# EXERCISE BRIEF
Each line below from the "Women’s Black Vintage" line through the "Brandy Melville Skylar" line, those two included, must be restated word for word; the pictures must not be.

# RECORDS PROVIDED
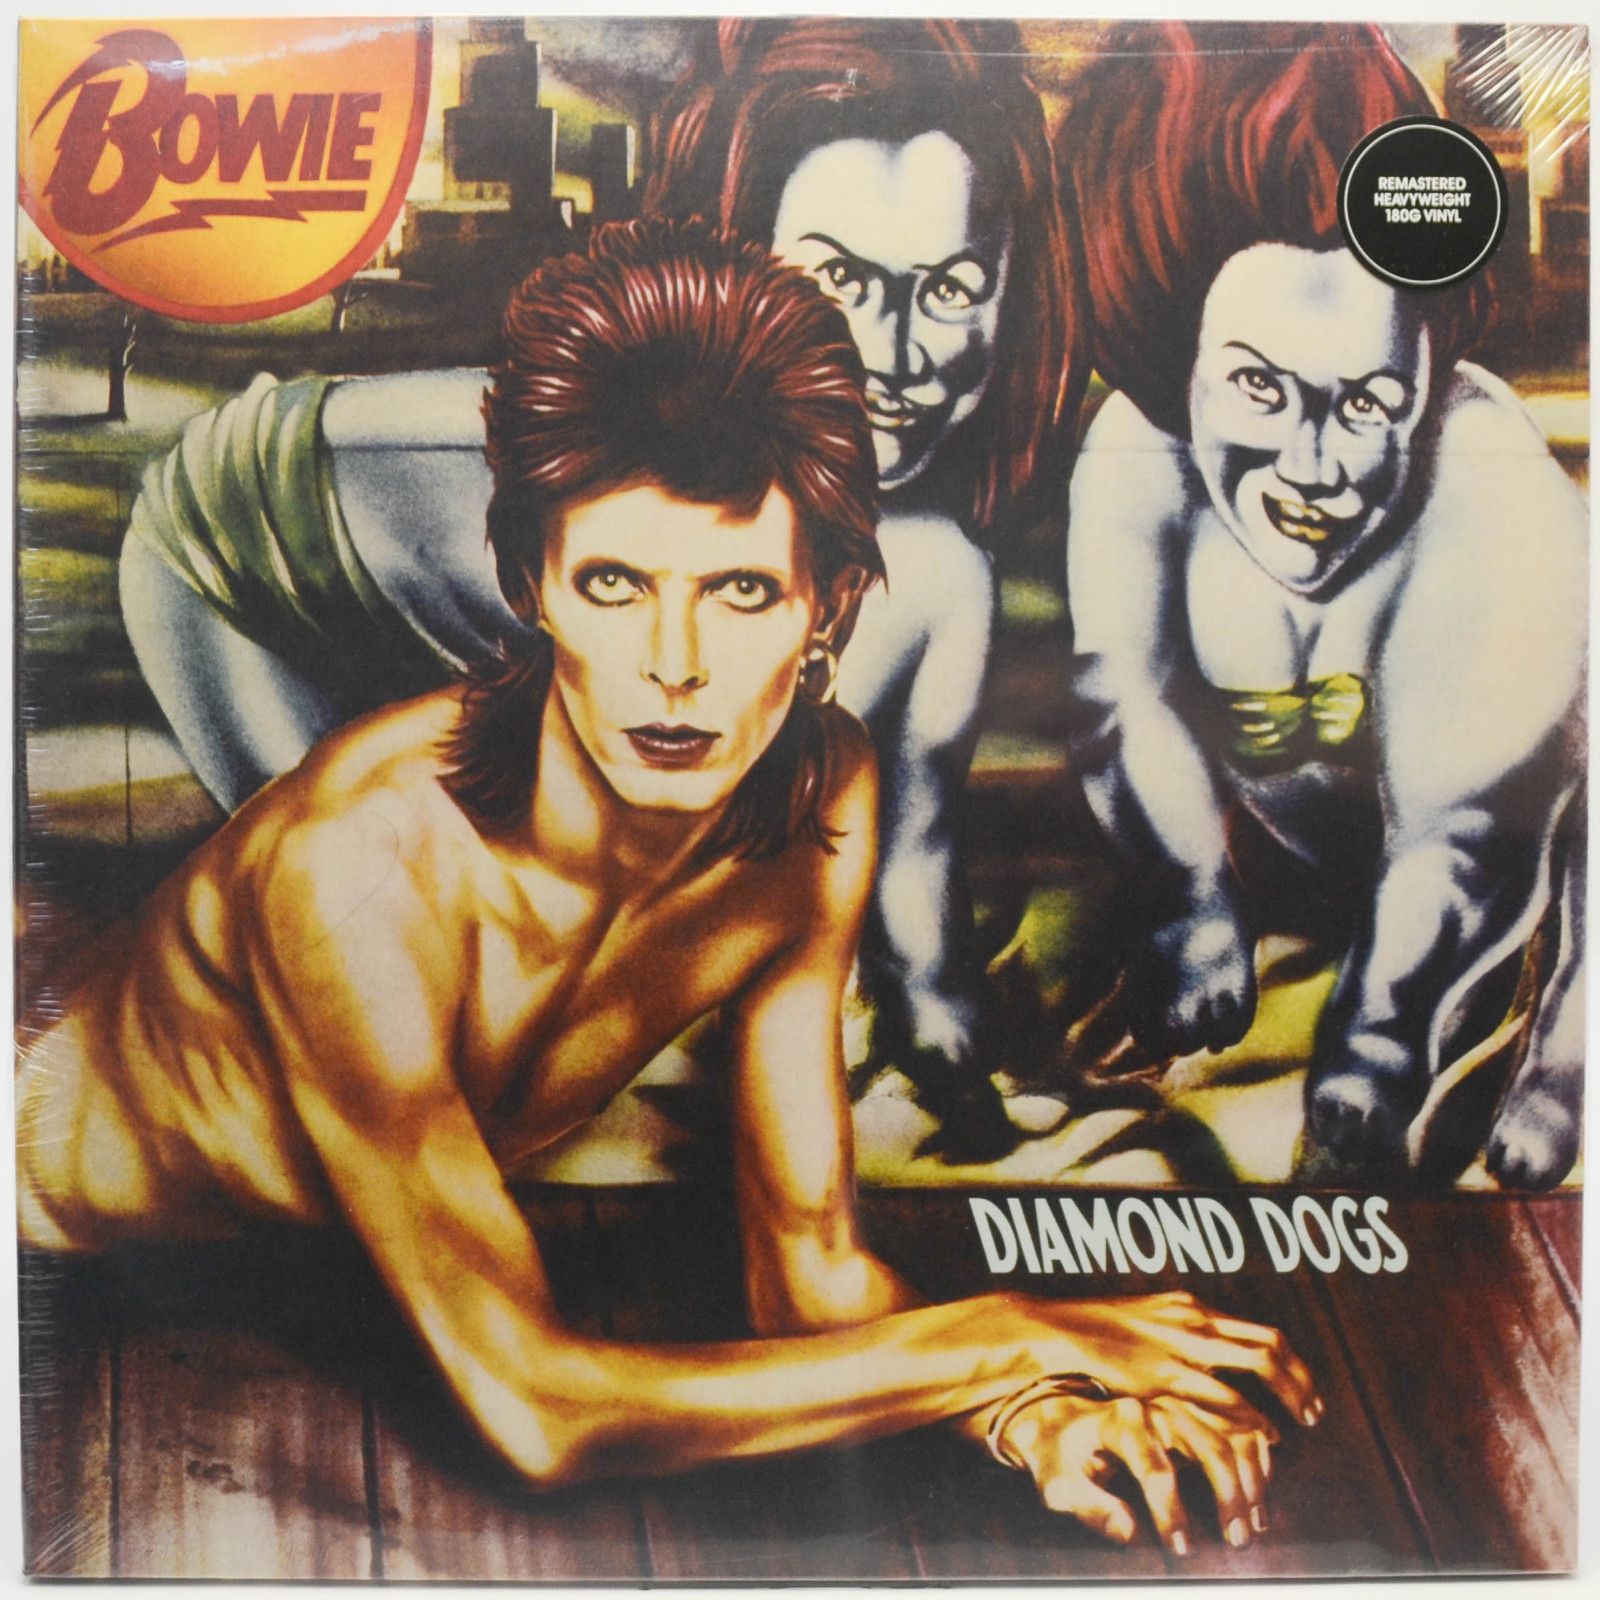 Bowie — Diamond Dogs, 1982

--

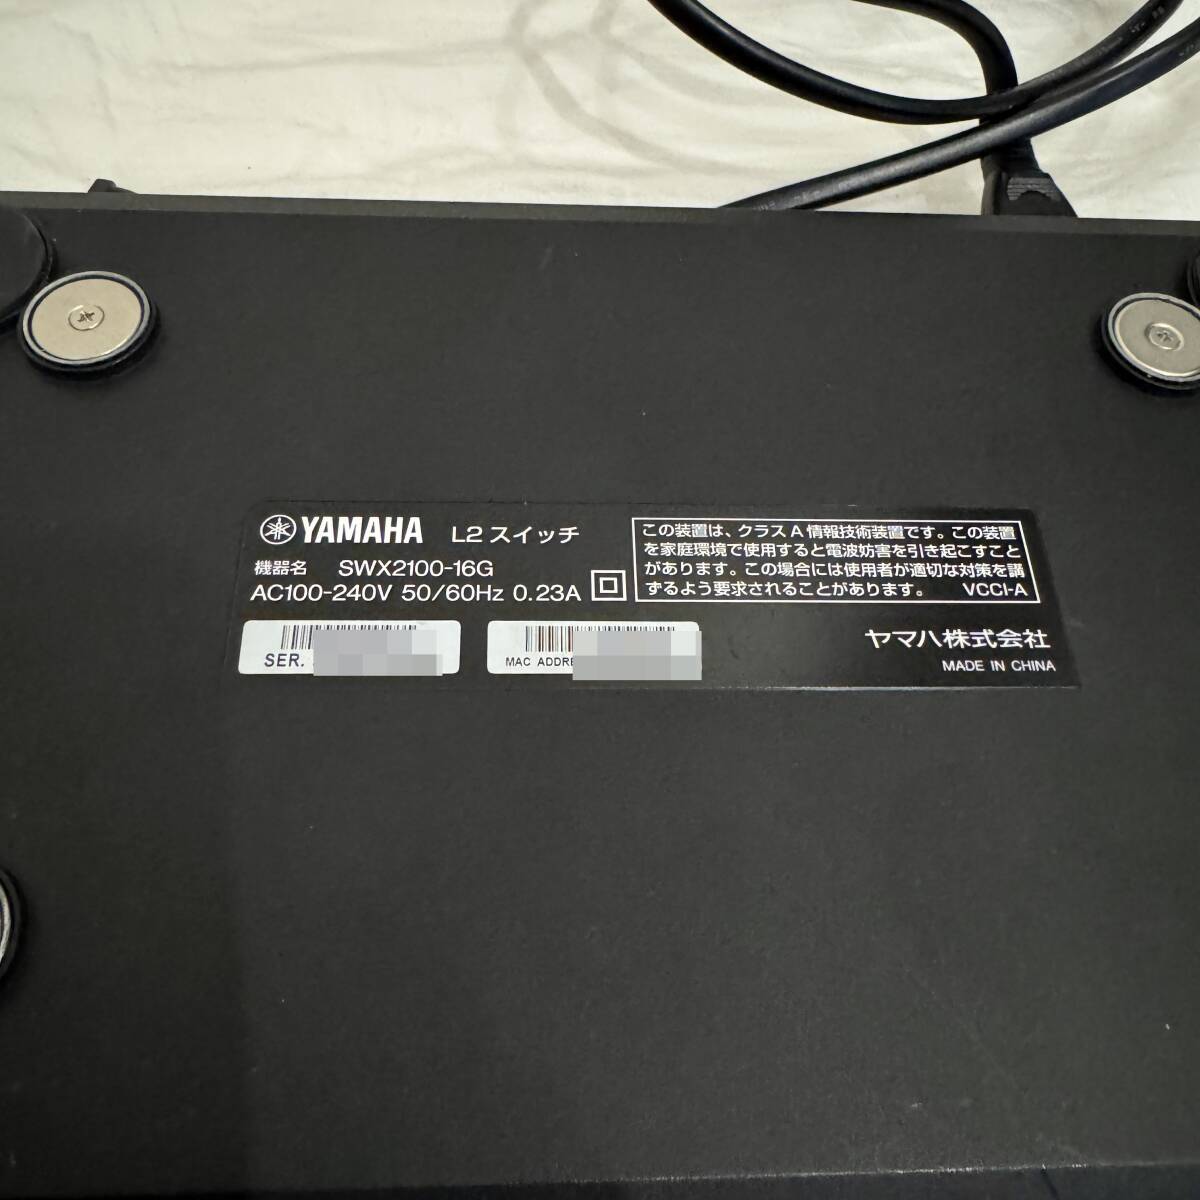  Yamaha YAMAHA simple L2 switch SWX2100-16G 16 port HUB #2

--

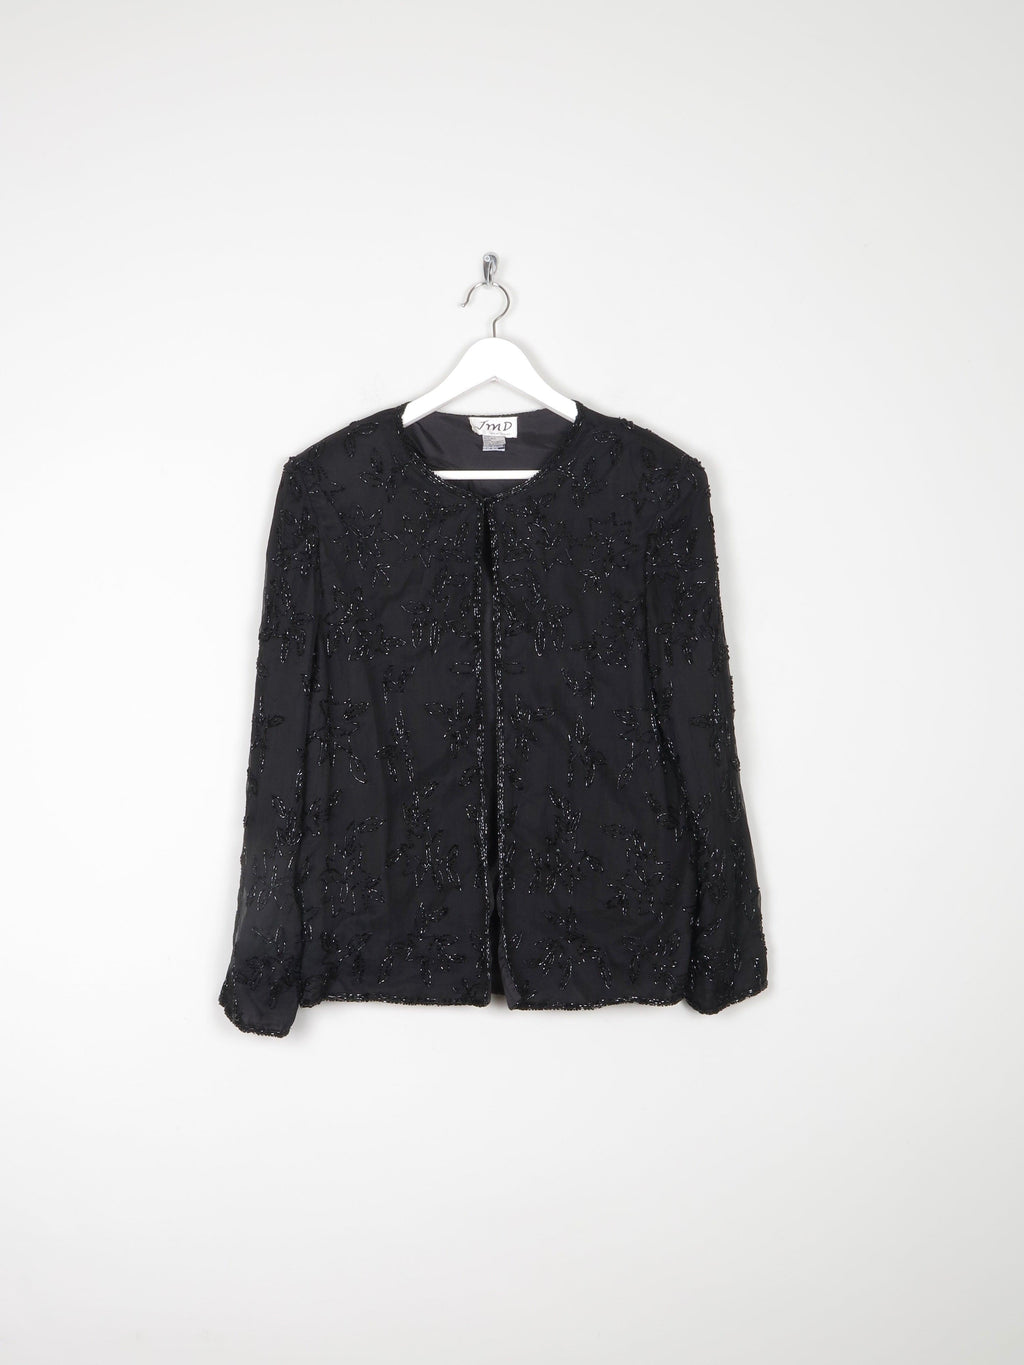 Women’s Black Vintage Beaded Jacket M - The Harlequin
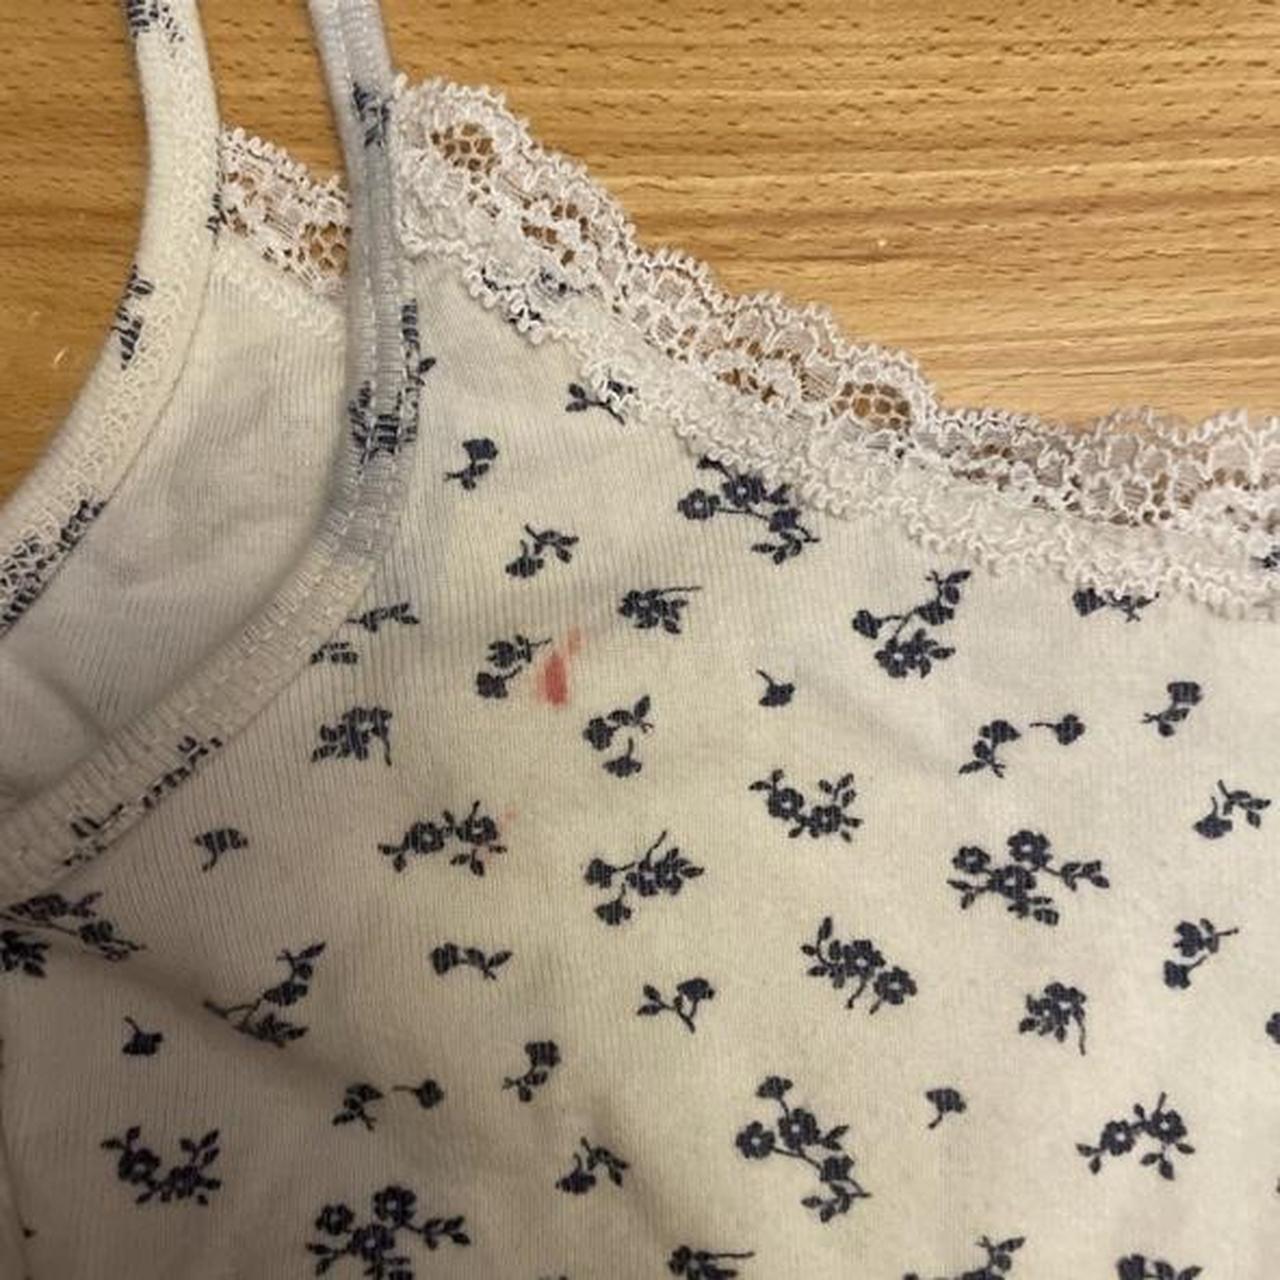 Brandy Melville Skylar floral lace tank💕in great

# REPLY
 Women’s Black Vintage Beaded Jacket M - The Harlequin
 Brandy Melville Skylar floral lace tank💕in great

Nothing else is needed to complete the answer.